Isn’t it funny how a song can take you away? One song can change a world, or at least a small town.

Take for instance Winslow, Arizona, which appears in the Eagles’ song “Take It Easy,” written by Jackson Browne and Glenn Frey. Winslow almost dried up when the interstate took away business from Route 66, but when the song came out, everybody wanted to head to Winslow—and they still do. Winslow now has Standin’ On the Corner Park with a mural depicting the “Girl, my Lord, in a flatbed Ford.” Since then, the town has undergone its own “renaissance.” Voila!

I can’t not mention Memphis. Who hasn’t recorded a song about Memphis?
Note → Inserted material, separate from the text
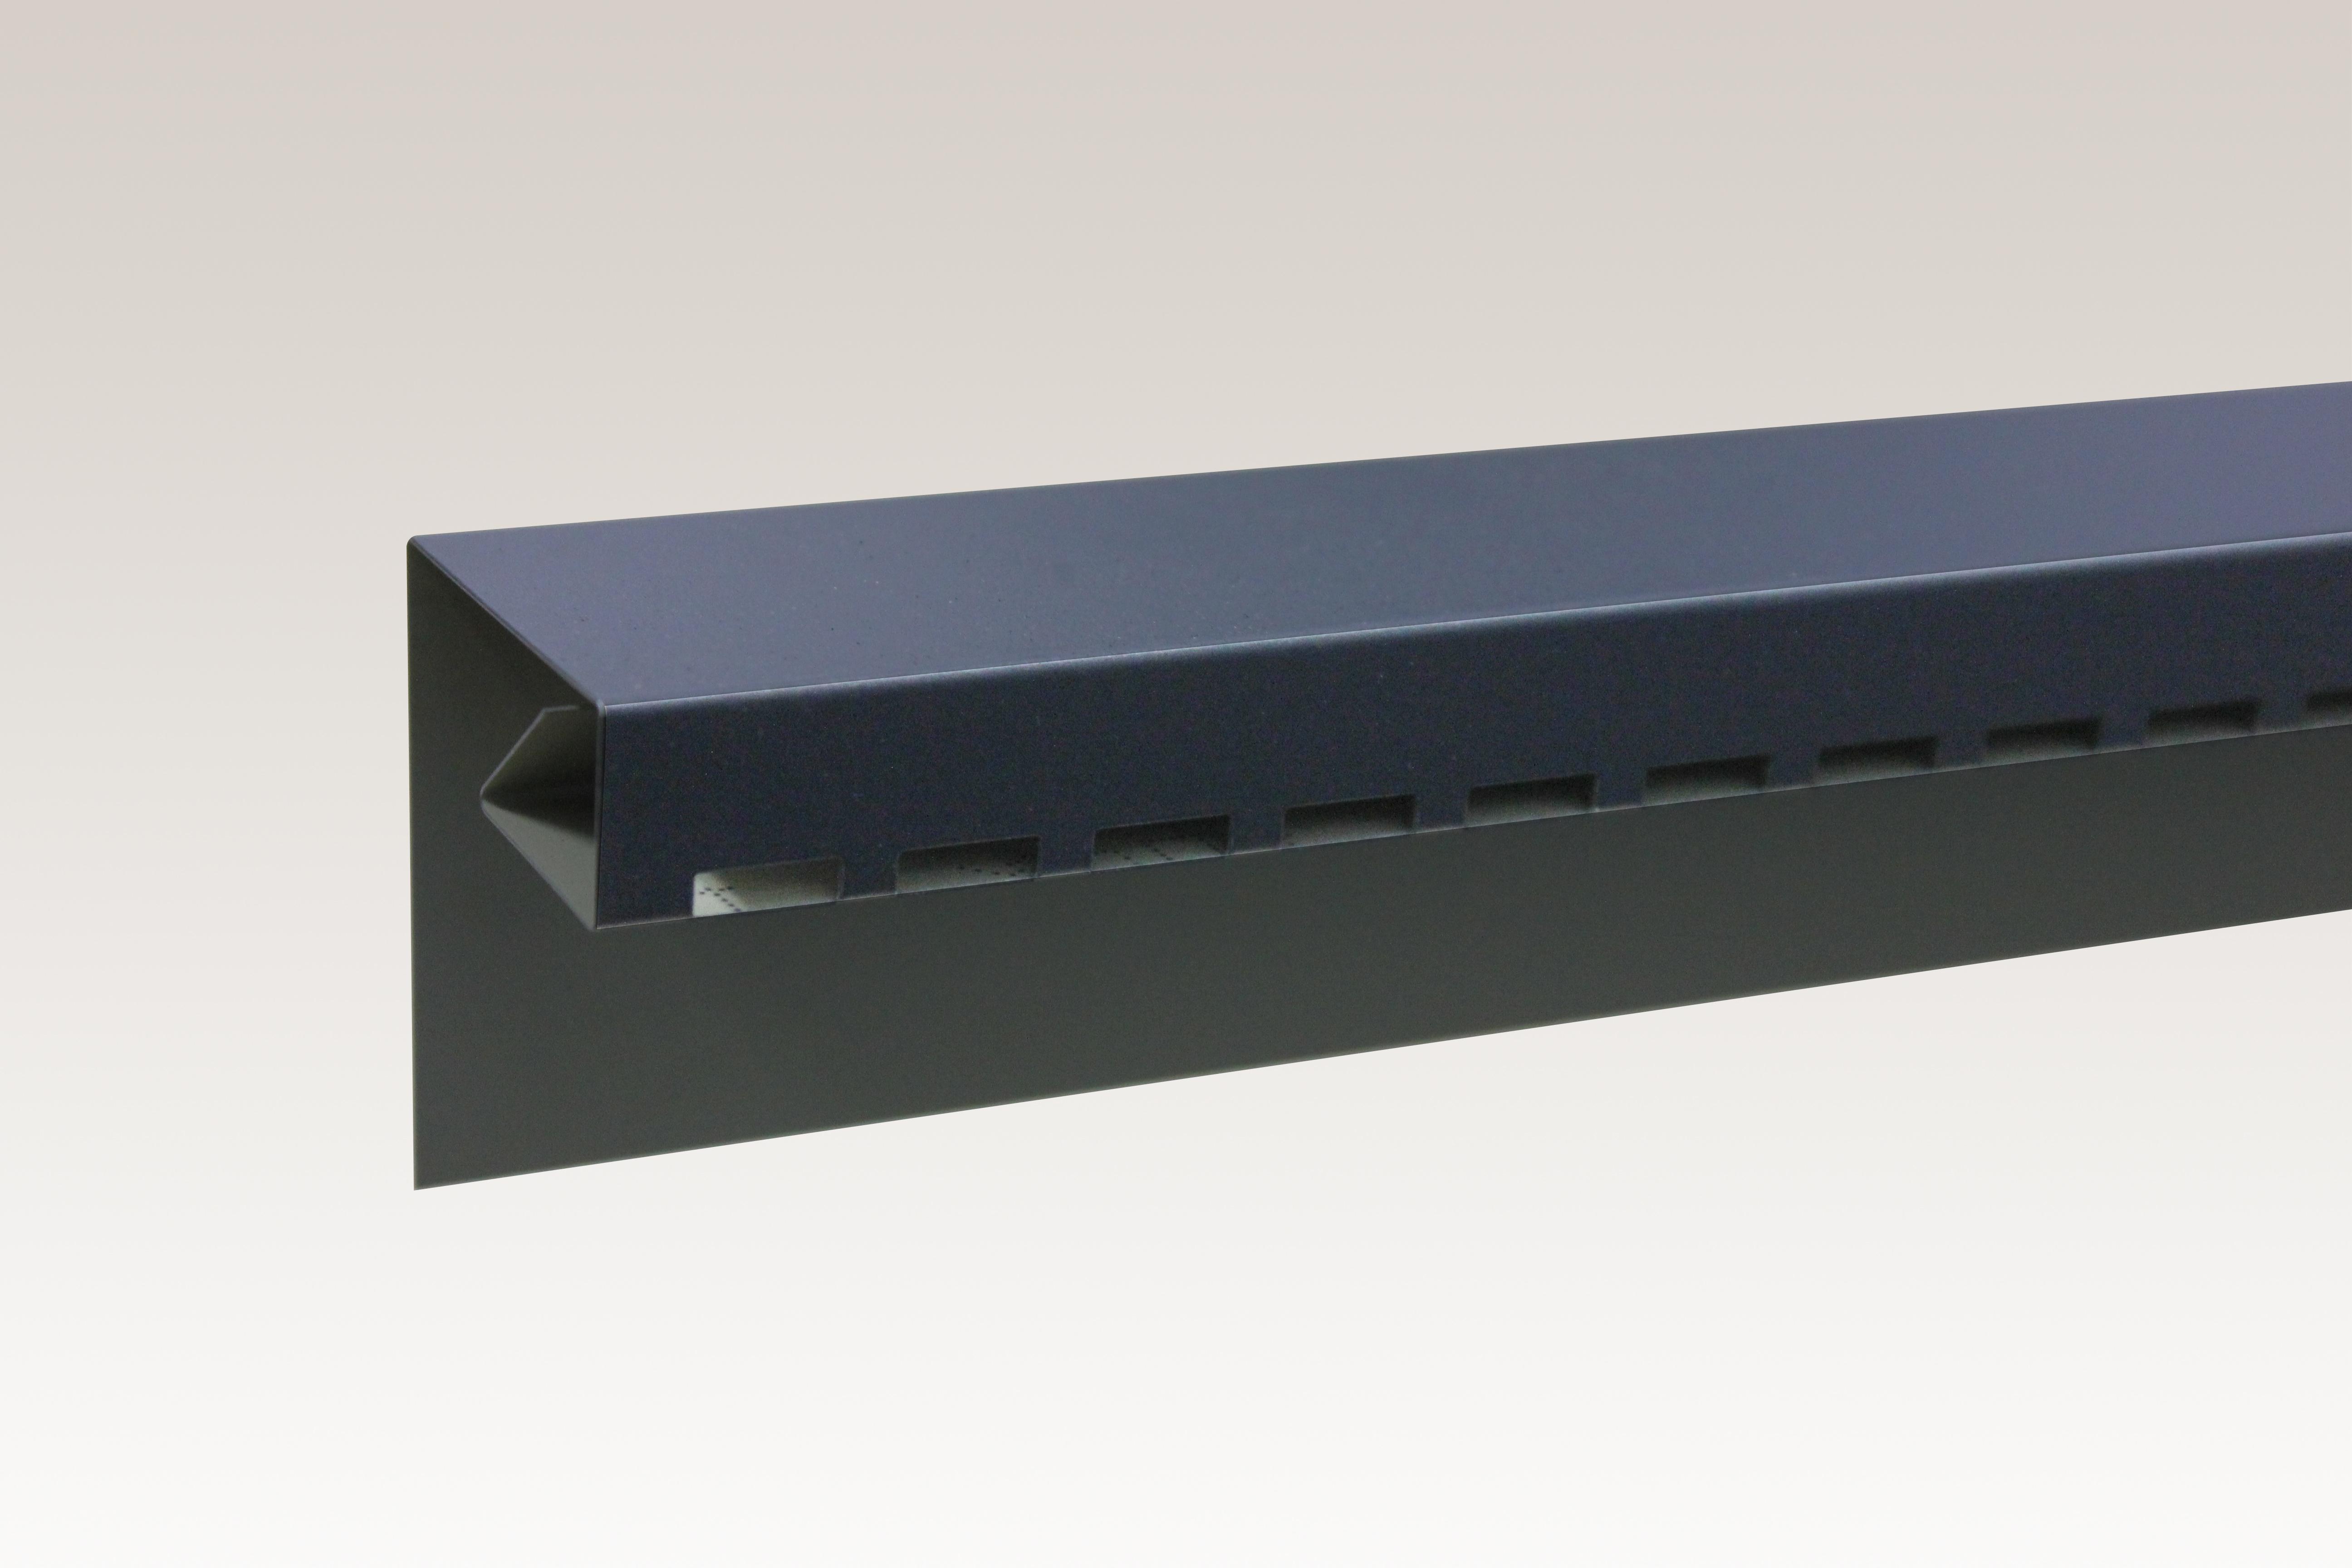 トーコー、高コスパなバルコニー専用通気部材を発売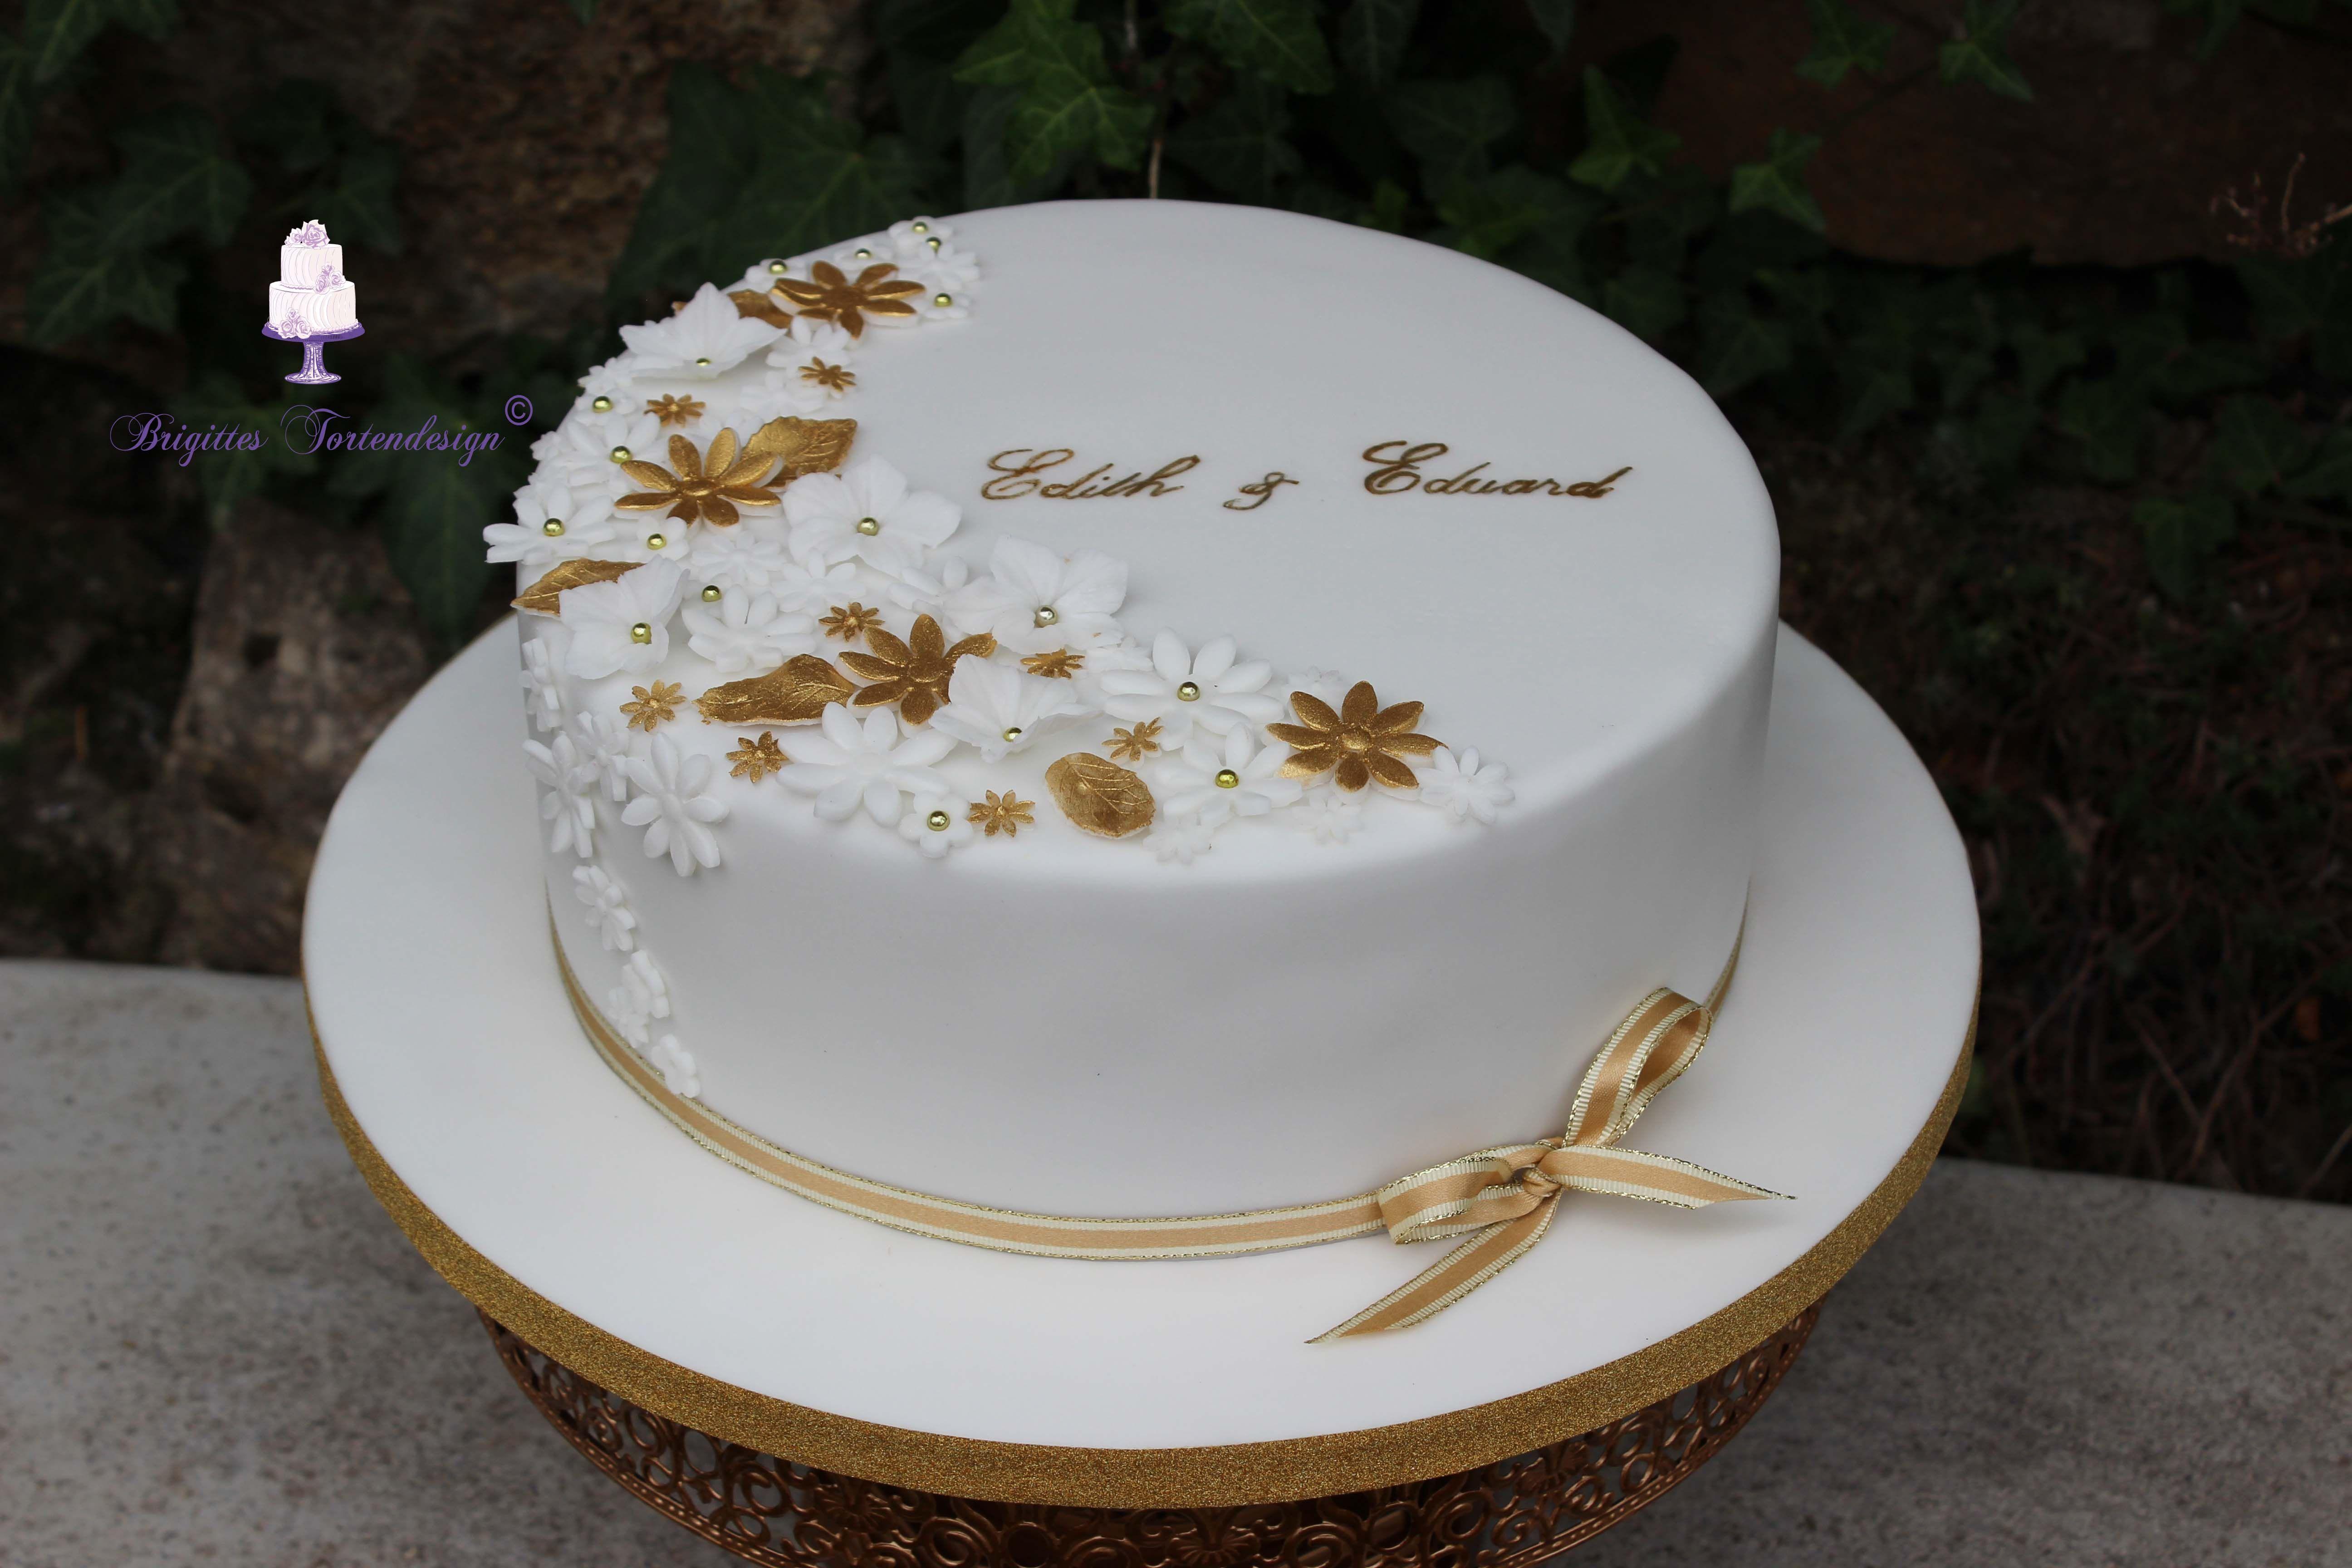 Pin Von Brigitte Jorasz Auf Meine Motivtorten Cakes Torte Hochzeit Torte Zur Goldenen Hochzeit Hochzeit Rezepte

In fact, it’s the most mentioned city in the world. According to the Memphis Rock and Soul Museum, the list is at 1074 songs and counting.

Take a look see at who has Memphis on the mind: Sheryl Crow, Paul Simon, Jerry Reed, Hank Williams, Jr., Chuck Berry, Darryl Worley, Trisha Yearwood, Lynyrd Skynyrd, Tanya Tucker, etc.

Of course, “Walking in Memphis” by Marc Cohn is my favorite. It’s always a serendipitous moment when I’m on Beale Street and hear it as I’m walking down the street.

Let’s see how up YOU are on your Song Travel Trivia. I’ll give you the artist and the title, and you chart the destination. (Answers are listed below the quiz.)

QUIZ

  1. “Turn the Page” by Bob Seager
  2. “I Wanna Talk about Me” by Toby Keith (one of the FIRST country rap songs)
  3. “Get Your Kicks on Route 66” by Perry Como
  4. “Sweet Baby James” by James Taylor
  5. “Bad, Bad Leroy Brown” by Jim Croce
  6. “Folsom Prison Blues” by Johnny Cash
  7. “The Night They Drove Old Dixie Down” by The Band
  8. “City Don’t Sleep” by Maclemore
  9. “I Will Follow You into the Dark” by Death Cab for Cutie
  10. “Werewolves of London” by Warren Zevon (London is easy. Name another place mentioned in the song.)

ANSWERS

  1. Omaha
  2. Muncie, Indiana
  3. Albuquerque
  4. Boston
  5. Chicago
  6. Reno
  7. Richmond
  8. Seattle
  9. Calgary
  10. Soho

YOUR RANKING

10 Correct – Fantabulous. “Ramble On.” You’re obviously going somewhere.

7-9 Correct – Head out on the highway. You’re “Born to Be Wild.”

4-6 Correct – Not too shabby. Baby, you’re “Born to Run.”

1-3 Correct – Brush up on your travel trivia and get “On the Road Again.”

0 Correct – Not so good. You need a “Vacation.”